If adopted in its current form, the proposed regulation could have a transformative impact and significantly increase the regulatory risk and burdens for foreign companies operating or investing in the EU. Companies that are in receipt of foreign subsidies could be subject to wide-ranging investigative action affecting the way they conduct their business, while in the M&A area, there would be yet a further regulatory process that would need to be navigated in parallel to existing competition merger control and foreign direct investment screening processes. Bids in public procurement tenders would also be subject to scrutiny and could potentially be disqualified. While the proposed regulation appears to be aimed primarily at Chinese and Russian State-linked companies, any company in receipt of support from non-EU governments could be affected, including the USA as well as potentially the UK.
In this post, we set out further detail in relation to the key elements of the proposal, highlighting issues that could give rise to substantial risks and practical difficulties that would either require further clarification or amendment to the proposal. Companies now have the opportunity to submit comments on the proposed regulation here, which will be presented to the EU legislature as it considers the proposal.
The proposed regulation provides for three different regimes to address foreign subsidies:
The procedural aspects under this tool, including the way the thresholds are to be applied and the timelines for the investigation, are consistent with principles under the EU merger regulation and reviews under both instruments may run in parallel.
While each of these three tools have different areas of application, the substantive components that the Commission will be examining are the same, namely: (a) the existence of a "foreign subsidy"; (b) whether the subsidy causes a "distortion" in the EU market; (c) whether the negative effects in the EU market may be balanced by any positive effects of the subsidy; and (d) the redressive measures or commitments required to address the distortions. Essentially the same Commission investigative processes and powers also apply under the three tools.

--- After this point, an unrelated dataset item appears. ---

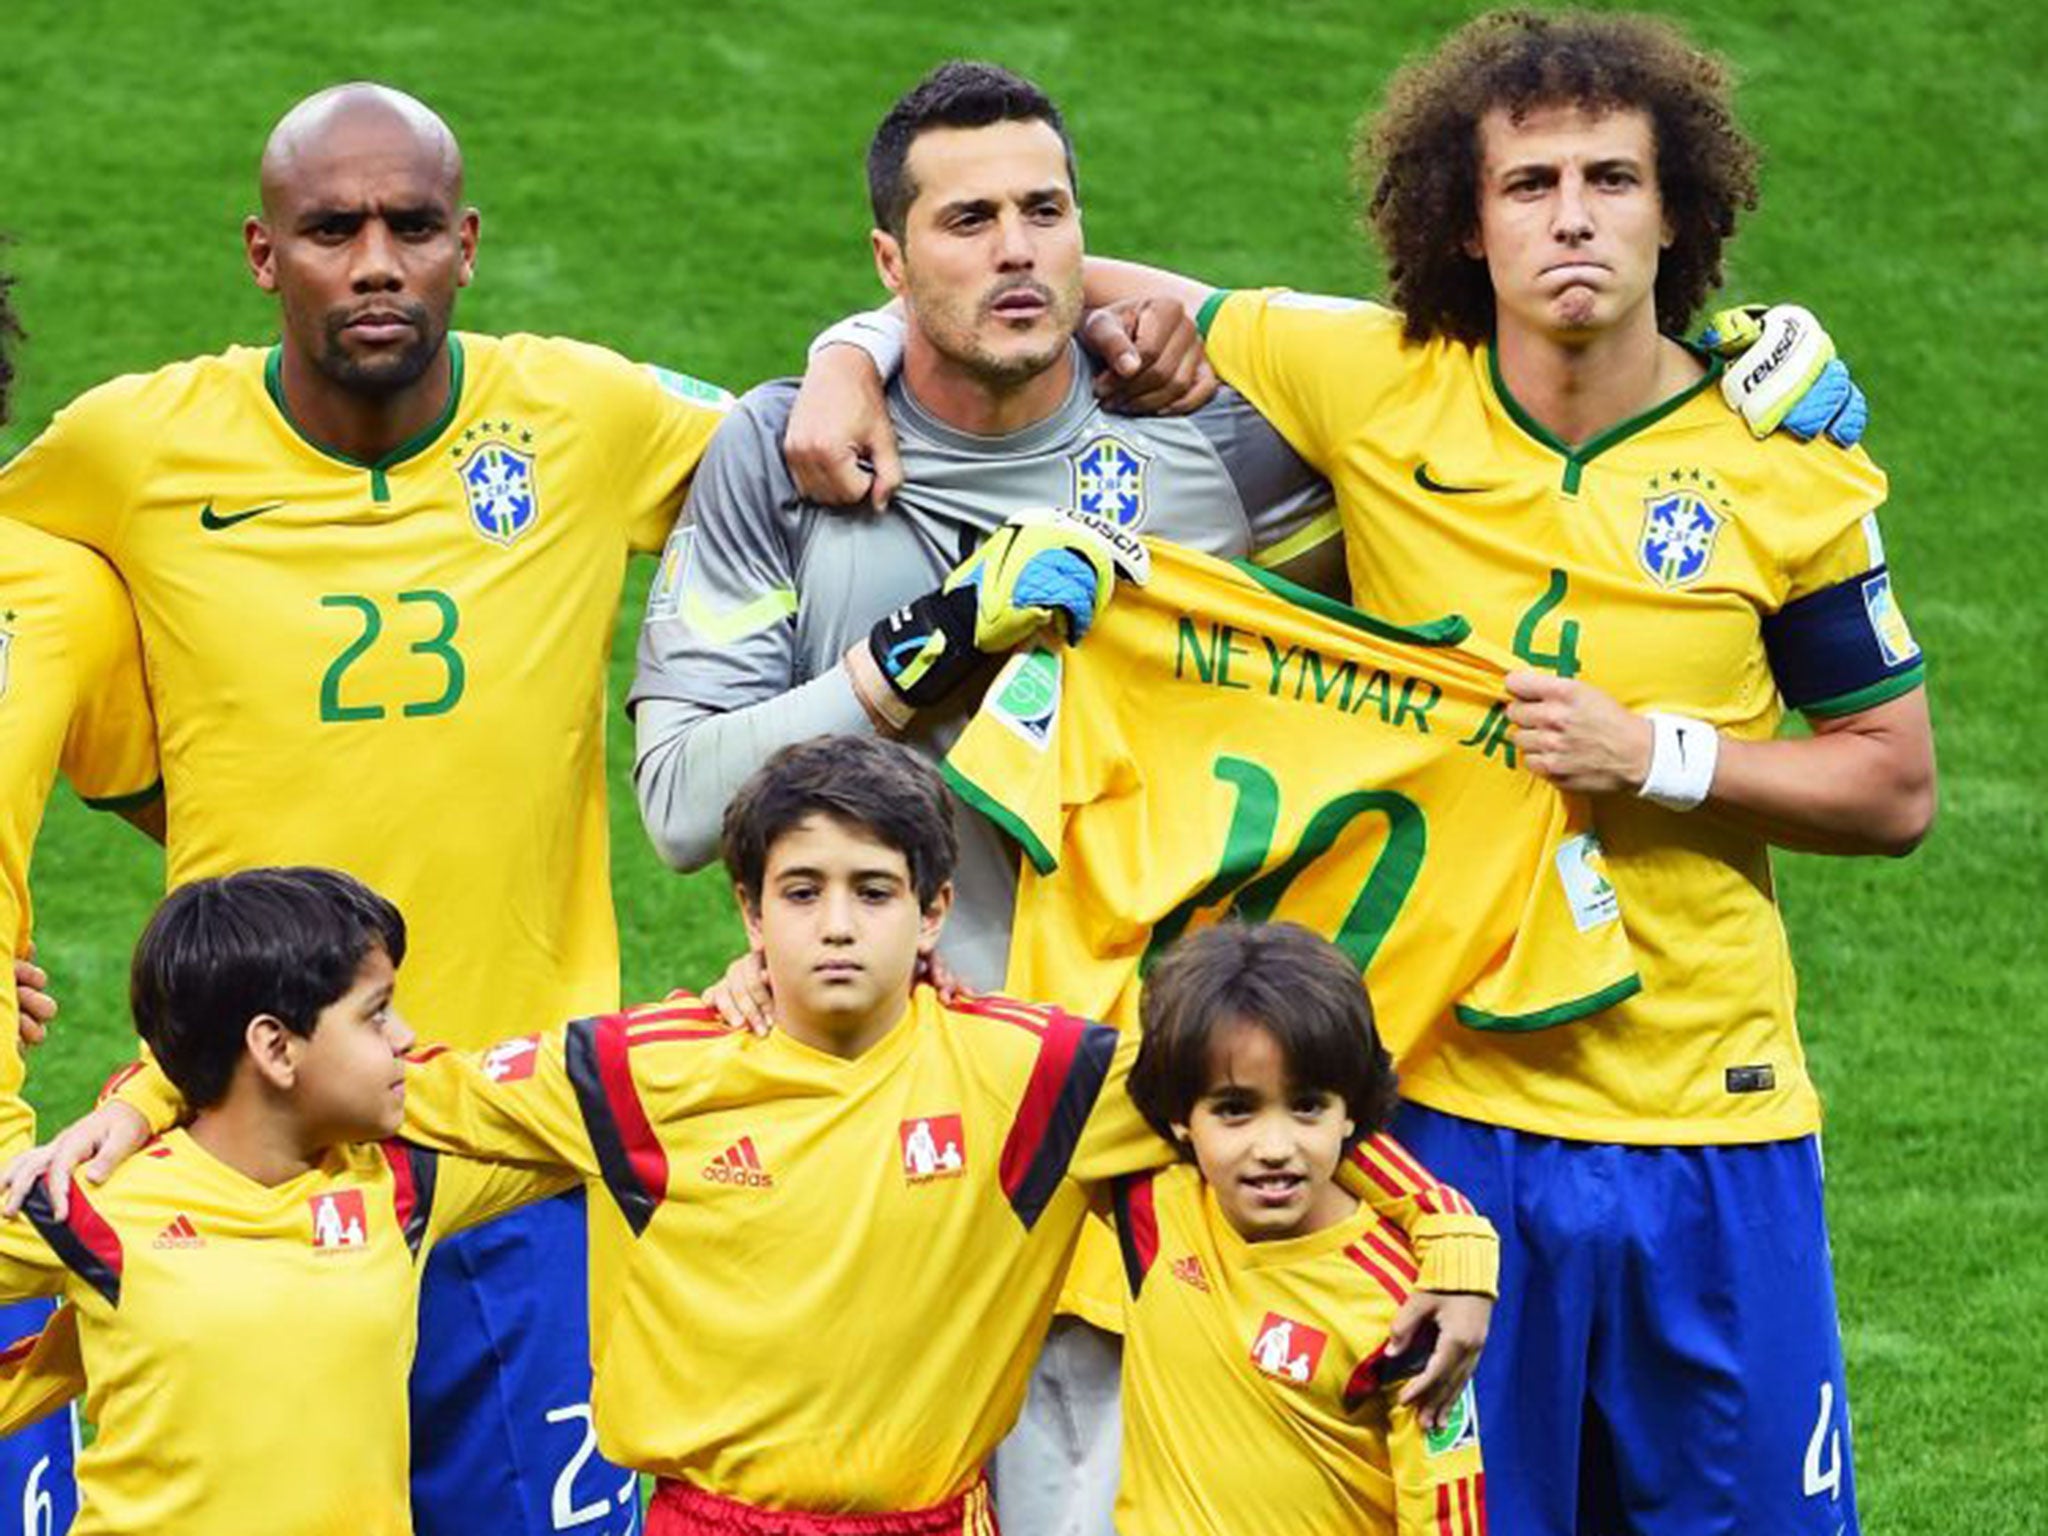 Julio Cesar and David Luiz hold the Neymar shirt

We address each of these aspects below.
A "foreign subsidy" for these purposes will exist where three cumulative conditions are met:
A "financial contribution" in turn is defined widely to include any transfer of funds or liabilities (e.g. capital injections, loans or guarantees), the foregoing of revenue that is otherwise due (e.g. tax incentives) and the provision of goods or services or the purchase of goods and services.
The qualification of a "foreign subsidy" appears to be based on definitional elements from EU State aid and international trade law and it may be expected that the Commission will borrow from existing practice and precedent in these areas.
It should also be noted that while the purpose of the proposed regulation is to address foreign subsidies, the triggers for the notification tools in relation to concentrations and public procurement bids are based on the receipt of "financial contributions" rather than "subsidies", giving them a much broader scope.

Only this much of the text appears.